Our results align with literature reports of lower limb ulcerations being a common complication in diabetes and partially related to bacterial superinfections [25]. The association between diabetes and various types of infections has already been demonstrated and systematically reported [26]. In our results, 18.6% of patients had venous ulcers, and 14.7% of these lesions were positive for Staphylococcus aureus, while Beta-hemolytic Streptococci were evidenced in another 1.5% of samples. This incidence of infections is lower than in other studies. For instance, in research conducted on 750 diabetes patients ten years ago, 47.5% had infected lesions; likewise, we found fewer cases of inflammatory lesions (12.4% vs. 20.7%) [15]. On the other hand, mycoses of the toenails were diagnosed in 21.7% of cases, which is consistent with another recent study that demonstrated predisposition to onychomycoses in diabetes patients [27].
Age is another aspect for which our results provide fresh insights. Relative to the overall average age of 61 of patients developing diabetic foot ulcers, ulcerations in our study were highly common both in older as well as younger patients, unlike in other retrospective studies [28].
A multitude of factors are involved in the development of lower limb ulcerations in patients with diabetes, mostly related to the underlying chronic complications of diabetes. Our results support this understanding: first, high glycated hemoglobin levels (>7%) were noted in almost all of the diabetes patients presenting with skin lesions (94.2%). Moreover, the most severe ulcerations and bacterial superinfections were diagnosed in patients with HbA1C levels in excess of 10%. Other similar associations between high HbA1C levels and unfavorable outcomes of skin ulcers have been reported in the literature [29].
The integration of skin examination into standard diabetes risk assessment protocols would require minimal additional resources yet could yield significant public health benefits. Given the global burden of T2DM and the high proportion of undiagnosed cases, especially in low- and middle-income countries, the inclusion of skin-based indicators in opportunistic and community-based screening programs could be transformative. Such an approach would be particularly valuable in settings where laboratory diagnostics are limited or cost-prohibitive. Furthermore, these visible cutaneous markers could serve as practical clinical complements to validated metabolic screening frameworks, such as the non-invasive Finnish Diabetes Risk Score (FINDRISC), which are widely utilized to predict long-term type 2 diabetes progression in the general population [30].
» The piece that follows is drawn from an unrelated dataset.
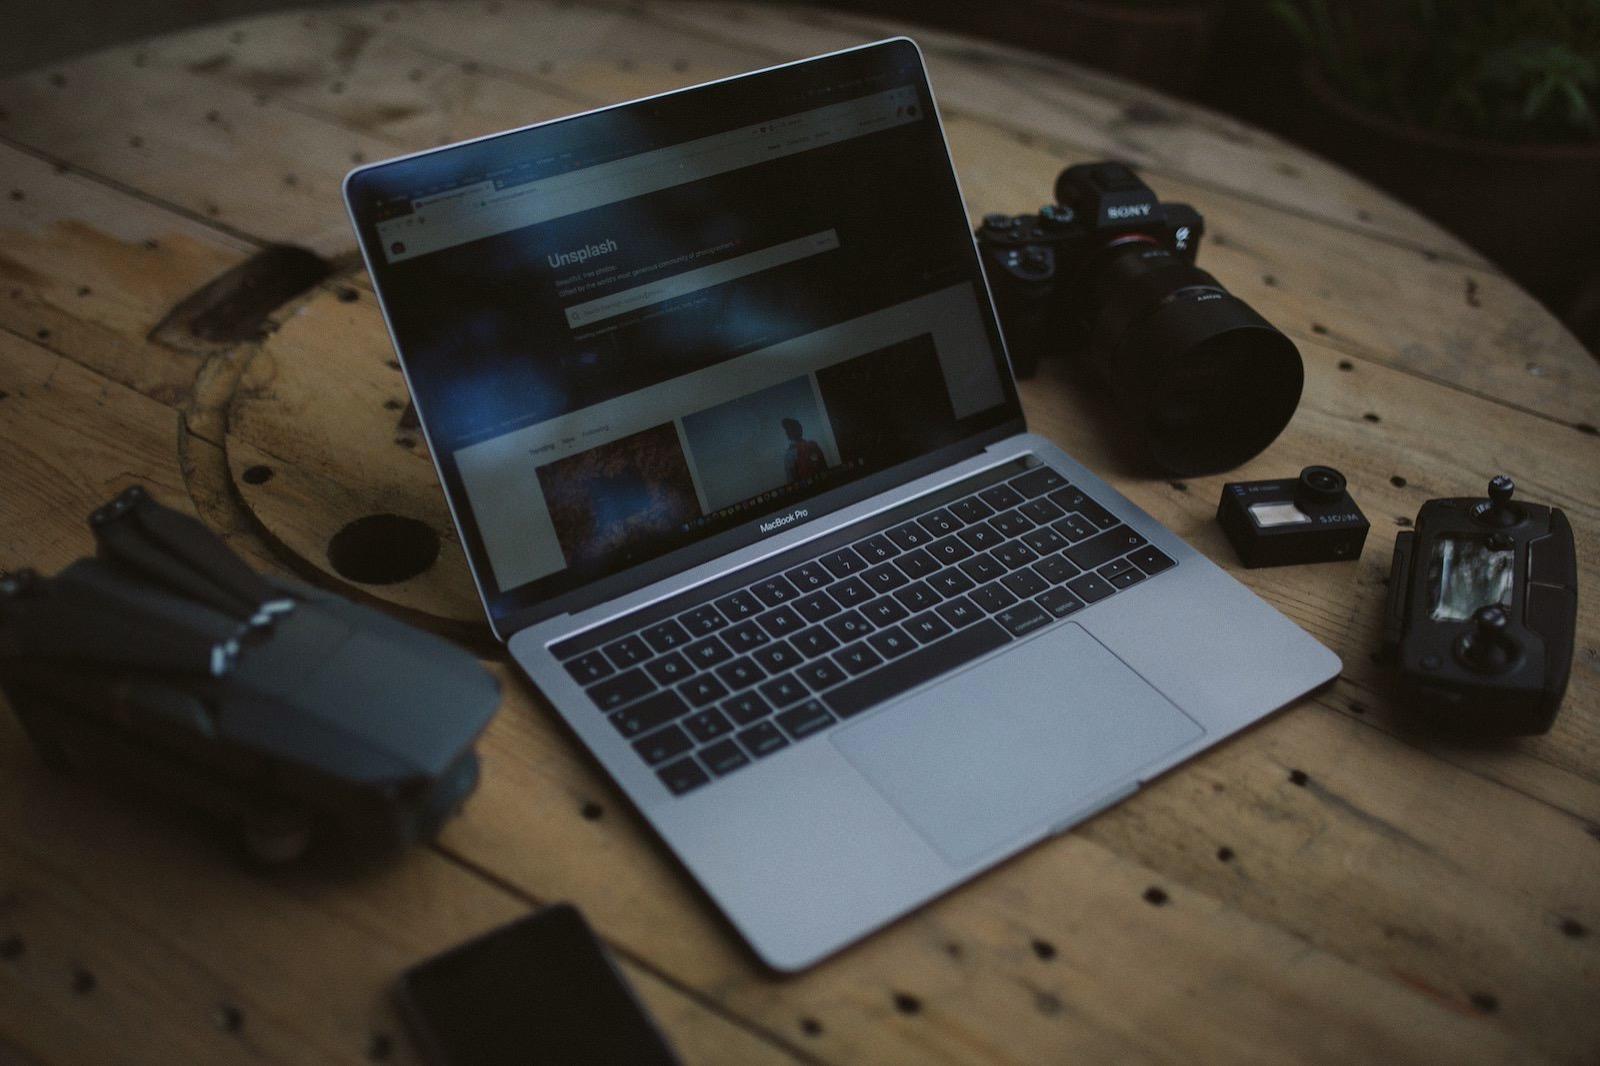 Ken suarez 654777 unsplash macbook pro with cameras

Beyond its immediate screening utility, the recognition of xerosis and pruritus as risk markers opens avenues for more personalized preventive strategies. For example, patients identified with these signs could be prioritized for lifestyle counseling, dietary modification, and, where appropriate, pharmacological interventions aimed at delaying or preventing the onset of diabetes. Importantly, structured preventive measures—such as intensive diet and physical activity modifications—have been demonstrated in large-scale clinical randomized controlled trials to significantly reduce diabetes incidence by up to 58% in high-risk populations. Long-term longitudinal follow-up data have additionally proven that early, target-driven lifestyle interventions exert a sustained, protective legacy effect, reducing overall cardiovascular and diabetes-related morbidity for more than two decades, underscoring the vital preventive potential of early clinical identification through non-invasive dermatological markers [31,32].
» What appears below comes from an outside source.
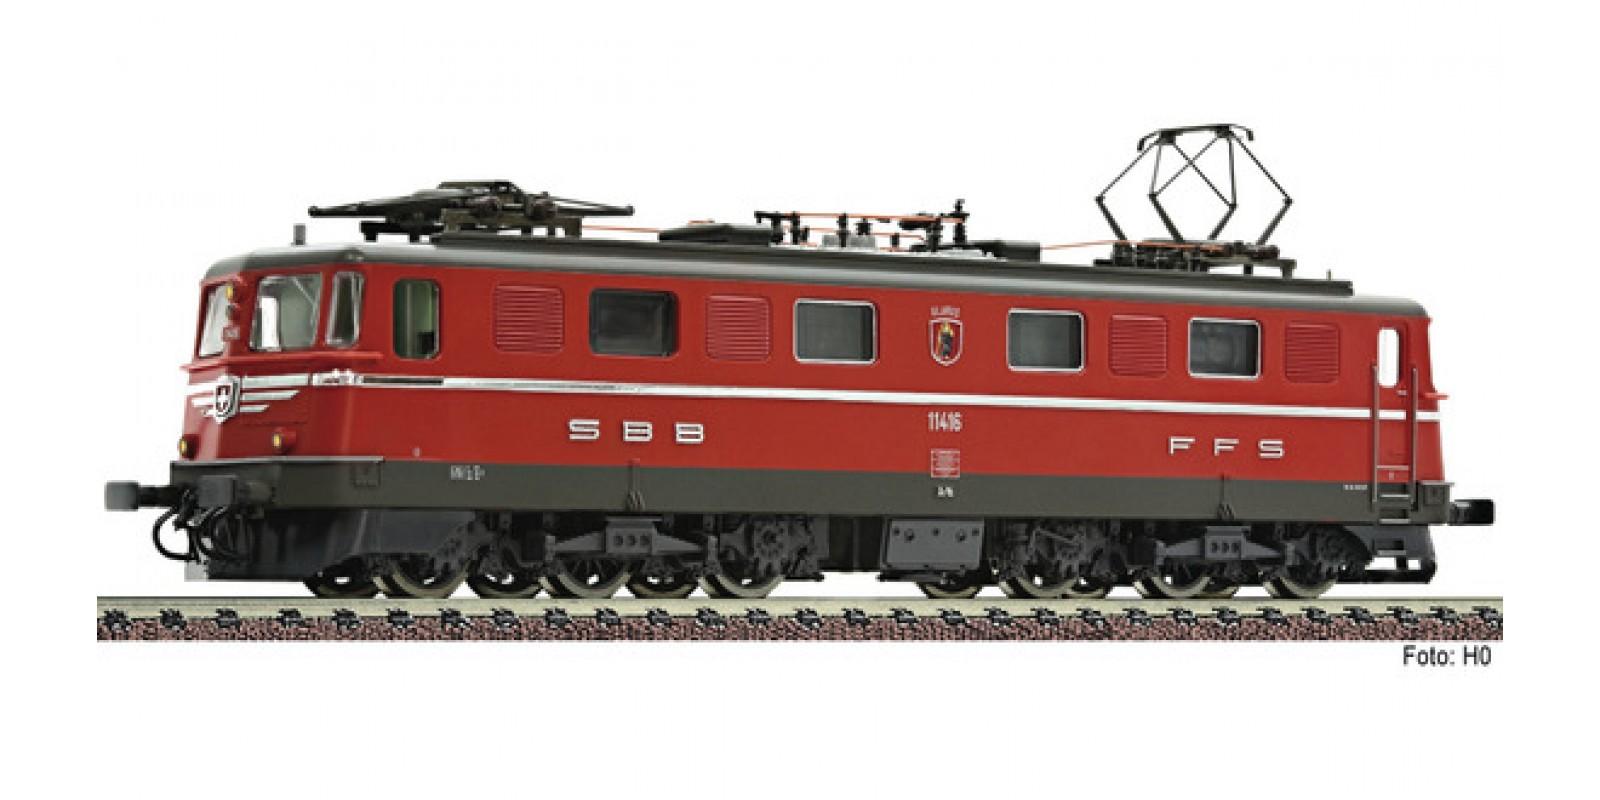 "FL737213 - Electric locomotive Ae 6/6 ""Kantonslok"", SBB"

In a recent systematic review, diabetic foot ulcers were found to occur in approximately 18.6 million people worldwide on an annual basis, leading in many cases to amputations and even death [33]. On a positive note, another systematic review revealed that multidisciplinary management can reduce major complications in as many as 94% of cases [18]. One recommended approach for the management of diabetic foot ulcers is MADADORE, put forth in 2019 by Lazzarini et al., where M stands for metabolic/medication, A for assessment, D for debridement, A for antibiotics, D for dressing, O for offloading, R for referral, and E for education [34]. In short, the advice is to aim for metabolic control, to provide foot assessment and adequate care (debridement, antibiotics, dressing, pressure offloading, as necessary), to engage with other specialists, and to educate patients towards self-care.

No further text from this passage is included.